Laytham also notes that some have sought to incorporate YouTube videos into worship as a way of capturing a churchgoer’s imagination and interest. However, he warns against making worship a highly produced form of entertainment. This is exactly what Walt Kallestad did in the 1990s at the Phoenix megachurch Community Church of Joy, growing its weekly attendance from two hundred to twelve thousand. Laytham writes:
As it turns out, Kallestad himself now claims to have been on the wrong track. Coming back from a three-month sabbatical, he noticed that his congregation’s worship “was shallow,” indeed, that it “was a show.” Participating in his congregation’s life with new eyes, he saw that entertainment as drawing in spectators rather than forming and sending forth “transformed, empowered disciples.” Put another way, Kallestad discovered that entertainment couldn’t be used for evangelism, because it was evangelism; a set of processes and activities that shaped how people felt, thought, and acted. (p. 6)
Wanting to avoid both the Scylla of “entertainment is whatever you do for fun” and the Charybdis of “entertainment is utterly passive consumption” (p. 80), Laytham endorses play. Play stretches the imagination, sharpens the mind, and engages the body. It is not justified by the work it does, the effects it produces, or the difference it makes. Play is a needed area of life that is not fraught with ultimacy. He writes:
If entertainment is defined as whatever we do for fun with our leisure time, then play is certainly entertainment, even if we are both entertainer and audience in one. On the other hand, if entertainment is defined as whatever we “watch” for fun, as another’s activity presented for our pleasurable but passive attention, then play is only entertainment if we are being entertained (note the passive verb) by the play of others. (p. 79)

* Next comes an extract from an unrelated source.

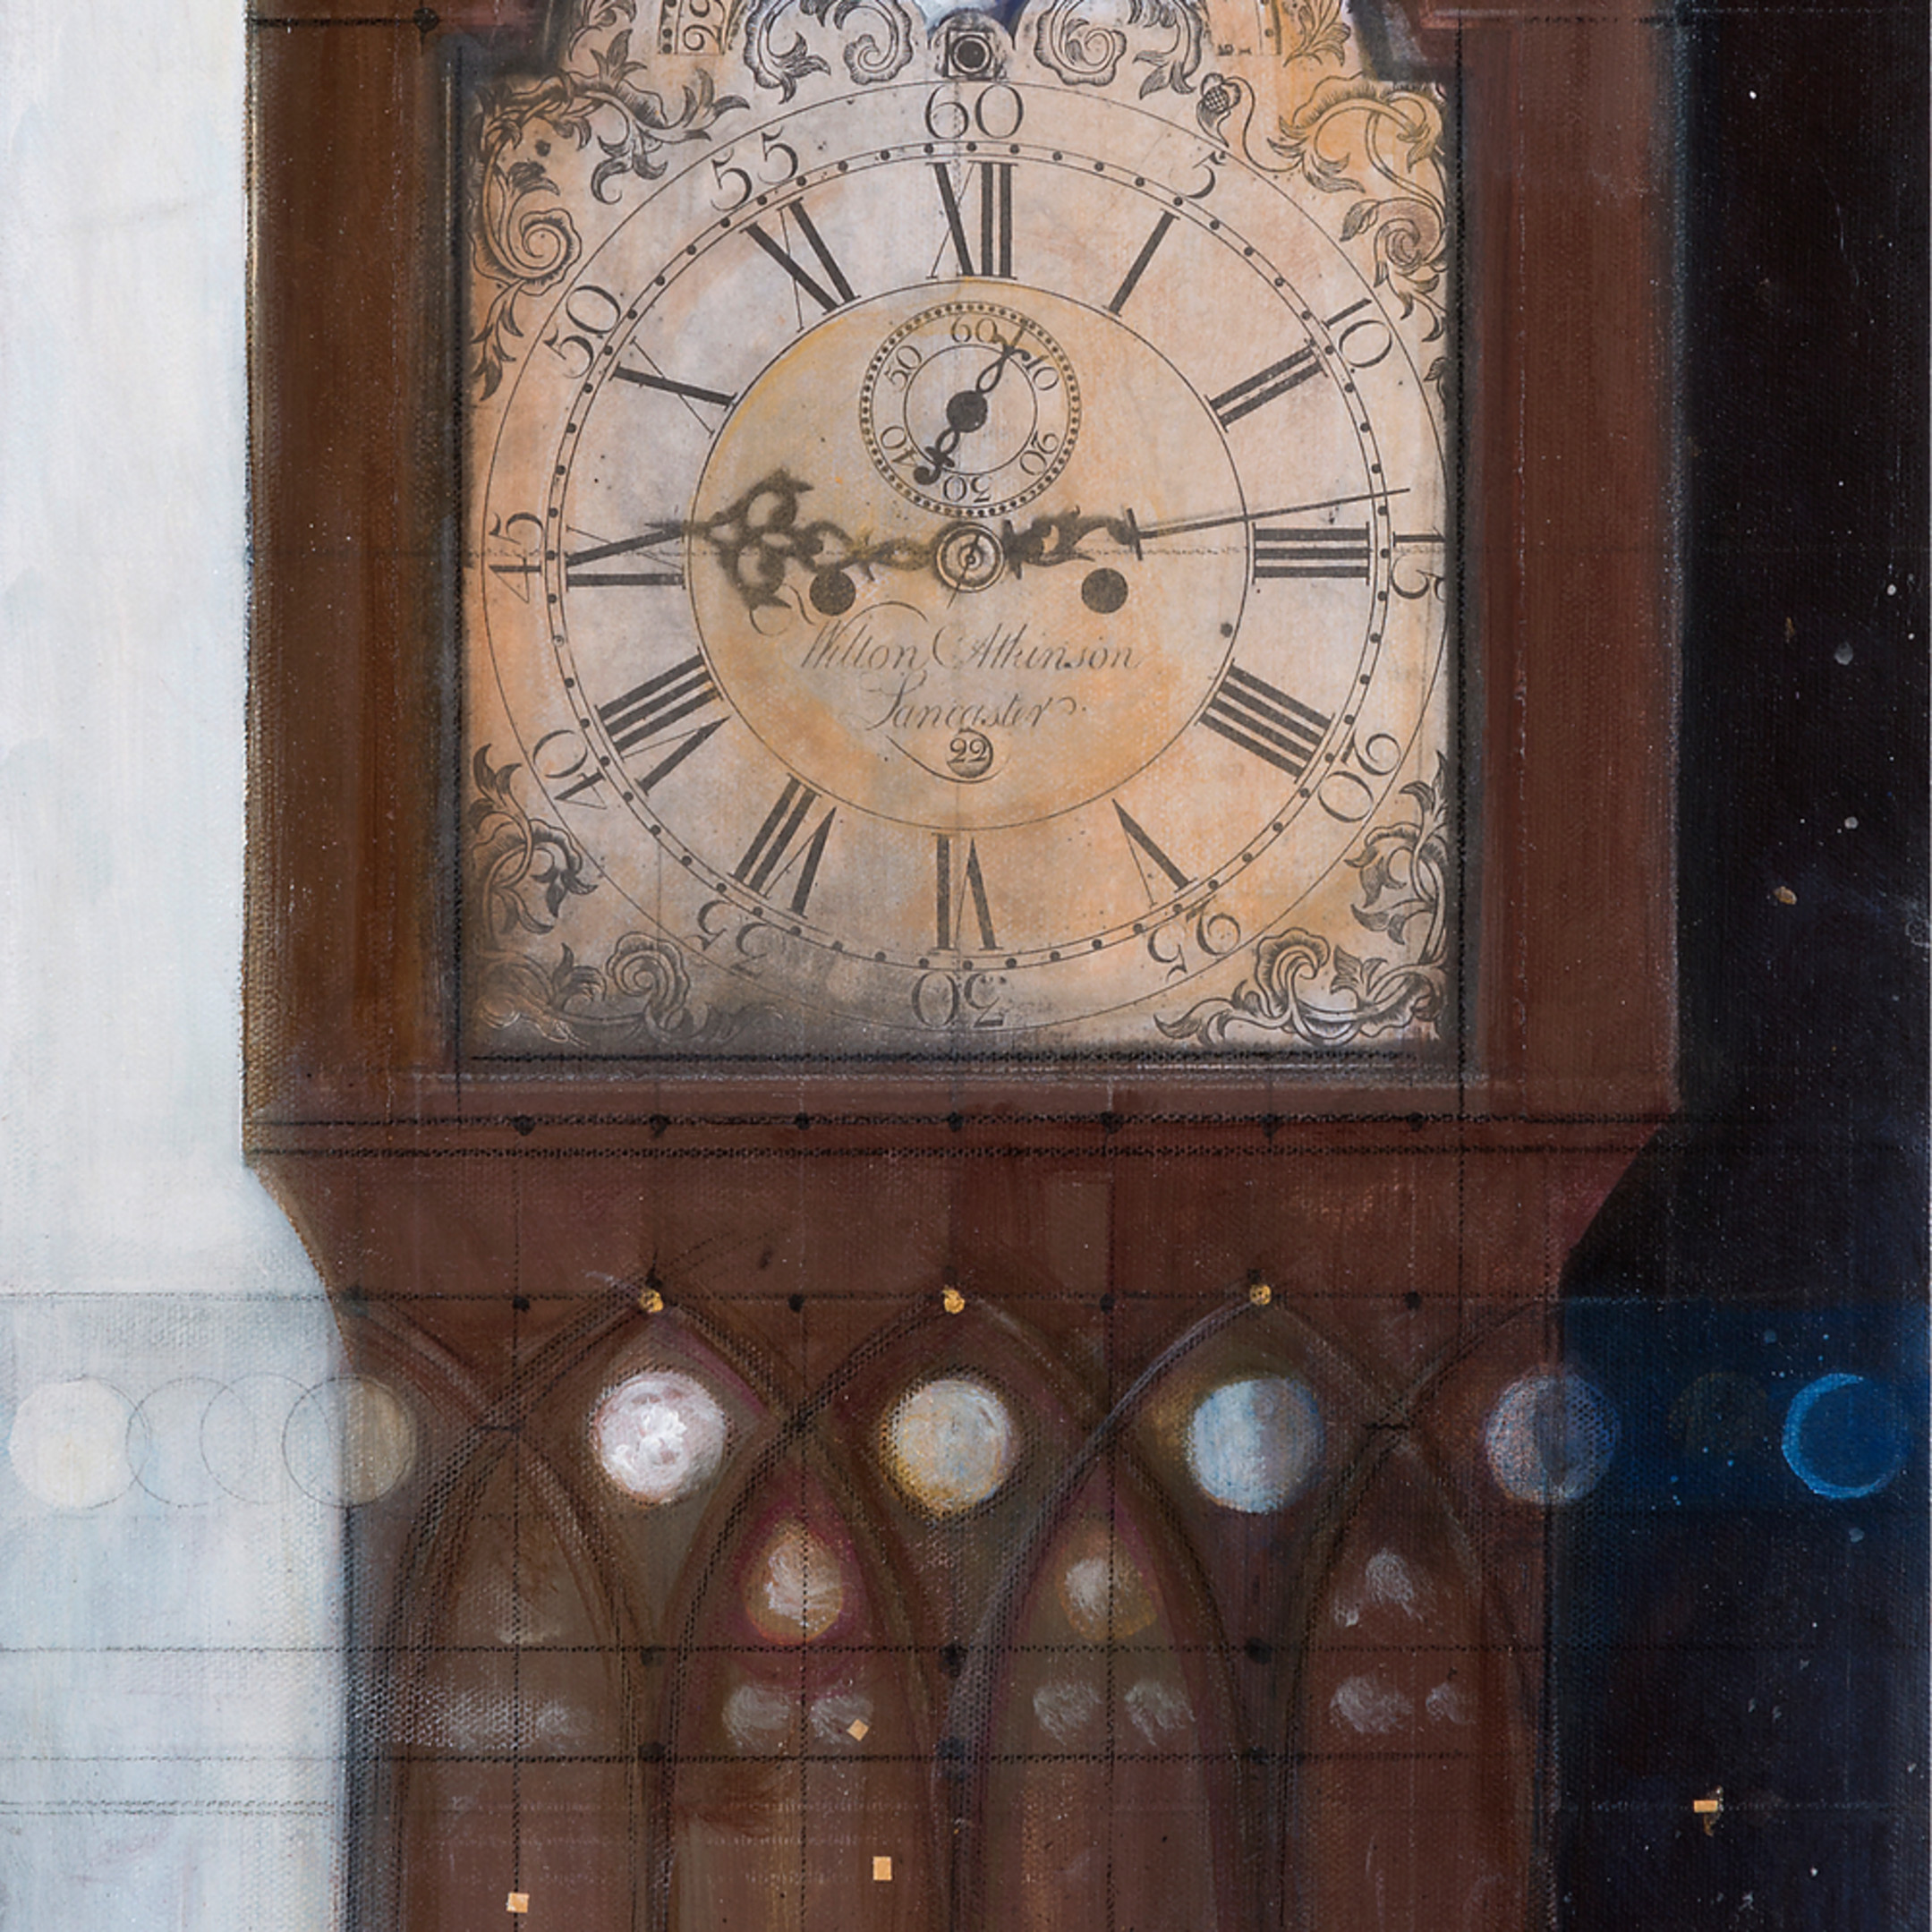 Timepiecenightday uhjpxy

While Laytham’s ideas are undeniably creative and properly stress that we are better off being engaged and interacting with others, rather than being passive consumers, I wonder if “play” is the great alternative to entertainment that Laytham believes it is. Take it from a former athlete, play can take on primacy in our lives just as easily as passive entertainment.

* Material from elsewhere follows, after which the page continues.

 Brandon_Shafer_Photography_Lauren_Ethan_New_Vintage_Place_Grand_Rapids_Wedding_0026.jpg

Of course, life with all its legitimate pleasures is a gift from God. Jesus himself used the ordinary enjoyments of life as figures to describe the blessedness of heavenly life. But all of life, including entertainment and play, is to be lived for God’s glory. Laytham would certainly affirm this, but his exaltation of play might point to a difference between a Methodism that sees the insignificant as significant and a Presbyterianism that constantly focuses on the eternal. Still, this is an excellent book that deserves a wide reading.